These are the key concepts you need to understand to accurately answer the question.

Common Denominator
When adding or subtracting fractions, the first step is to locate a **common denominator**. A common denominator is a shared multiple of the denominators of both fractions. In math, a denominator is the bottom number of a fraction that tells us into how many parts the whole is divided. For example, if we need to add \(-\frac{7}{3}\) and \(\frac{3}{4}\), we need to find a common denominator for 3 and 4 to make the addition possible.
Least Common Denominator
While any common denominator will work, we aim for the **least common denominator (LCD)** to keep our calculations simple. The least common denominator is the smallest number that both denominators can divide into evenly. In our exercise, the denominators are 3 and 4. To find the LCD, list the multiples of each:
  • Multiples of 3: 3, 6, 9, **12**, ...
  • Multiples of 4: 4, 8, **12**, ...
The least common multiple is 12. Hence, 12 is the least common denominator for fractions with denominators 3 and 4. Now, both fractions \(-\frac{7}{3}\) and \(\frac{3}{4}\) will be converted to have 12 as their denominator.
Simplifying Fractions
Now let's discuss why simplifying fractions is essential. After performing operations like addition or subtraction, the result might have a numerator and denominator that could be simplified.

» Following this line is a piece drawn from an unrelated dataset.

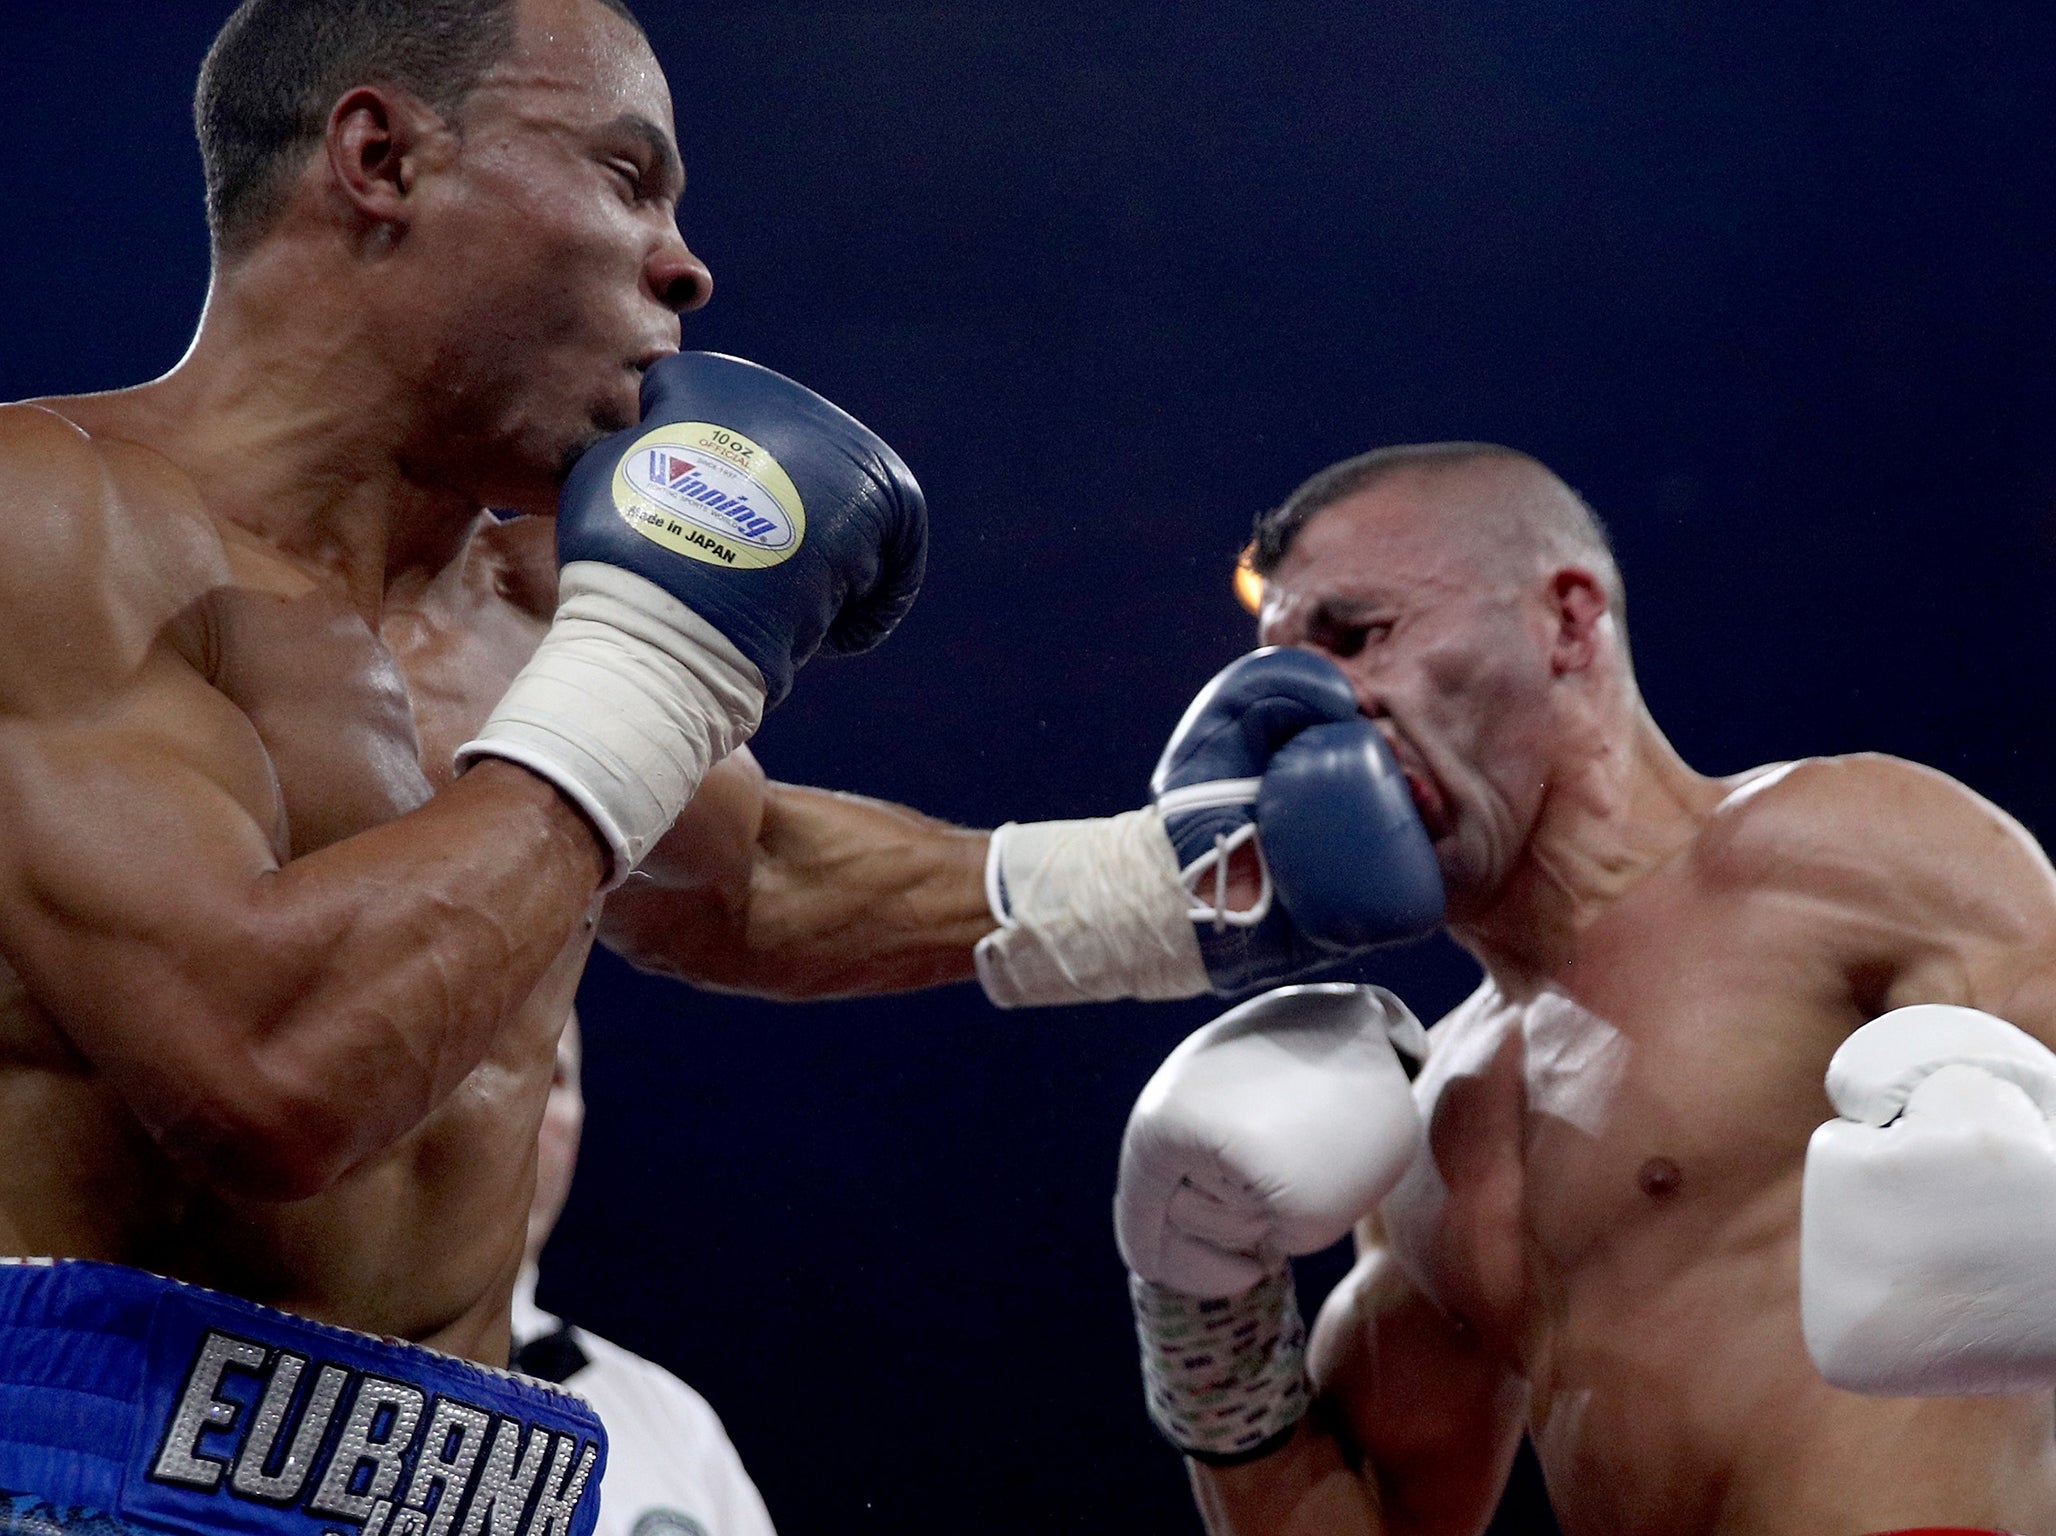 Eubank Jr won the fight in the third round

Simplifying a fraction means reducing it to its smallest possible form, where the numerator and denominator have no common factors other than 1. In our problem, after adding \-\frac{28}{12}\ and \frac{9}{12}\, we obtain \frac{-19}{12}\. We check if this fraction can be simplified by finding any common factors between 19 and 12. Since they have no common factors other than 1, \(-\frac{19}{12}\) is already in its simplest form.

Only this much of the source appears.